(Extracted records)
_____

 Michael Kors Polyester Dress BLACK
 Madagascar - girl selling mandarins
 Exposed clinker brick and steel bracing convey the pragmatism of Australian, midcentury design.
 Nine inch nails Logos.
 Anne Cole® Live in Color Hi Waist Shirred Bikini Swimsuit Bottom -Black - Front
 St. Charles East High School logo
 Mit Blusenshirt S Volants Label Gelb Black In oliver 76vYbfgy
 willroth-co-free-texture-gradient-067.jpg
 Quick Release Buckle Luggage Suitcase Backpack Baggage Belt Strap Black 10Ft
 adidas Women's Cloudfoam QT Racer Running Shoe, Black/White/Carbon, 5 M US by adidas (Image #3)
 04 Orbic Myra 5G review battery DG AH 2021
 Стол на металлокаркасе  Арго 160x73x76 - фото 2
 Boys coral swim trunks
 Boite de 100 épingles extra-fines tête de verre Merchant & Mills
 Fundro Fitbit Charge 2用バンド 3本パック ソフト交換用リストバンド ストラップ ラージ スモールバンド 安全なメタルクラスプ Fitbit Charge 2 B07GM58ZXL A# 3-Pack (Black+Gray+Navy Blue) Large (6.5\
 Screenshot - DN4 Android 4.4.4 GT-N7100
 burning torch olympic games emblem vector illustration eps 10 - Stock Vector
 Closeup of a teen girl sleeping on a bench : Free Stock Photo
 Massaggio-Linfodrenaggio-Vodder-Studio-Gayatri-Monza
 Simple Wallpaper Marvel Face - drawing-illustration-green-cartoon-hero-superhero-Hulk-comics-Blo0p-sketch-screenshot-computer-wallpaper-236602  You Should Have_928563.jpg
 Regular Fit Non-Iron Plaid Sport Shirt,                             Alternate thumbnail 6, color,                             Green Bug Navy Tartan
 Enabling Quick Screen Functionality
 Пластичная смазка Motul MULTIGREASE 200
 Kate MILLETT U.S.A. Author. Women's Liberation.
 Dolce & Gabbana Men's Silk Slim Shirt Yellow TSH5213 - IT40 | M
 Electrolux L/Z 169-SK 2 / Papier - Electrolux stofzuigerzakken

_____

» **PROBLEM REQUIREMENTS**:
Look above for the line with "Anne Cole® Live" and the line with "Boys coral swim trunks". Write out those two lines and all the lines between them, exactly, and no others.

» **EXERCISE RESPONSE**:
 Anne Cole® Live in Color Hi Waist Shirred Bikini Swimsuit Bottom -Black - Front
 St. Charles East High School logo
 Mit Blusenshirt S Volants Label Gelb Black In oliver 76vYbfgy
 willroth-co-free-texture-gradient-067.jpg
 Quick Release Buckle Luggage Suitcase Backpack Baggage Belt Strap Black 10Ft
 adidas Women's Cloudfoam QT Racer Running Shoe, Black/White/Carbon, 5 M US by adidas (Image #3)
 04 Orbic Myra 5G review battery DG AH 2021
 Стол на металлокаркасе  Арго 160x73x76 - фото 2
 Boys coral swim trunks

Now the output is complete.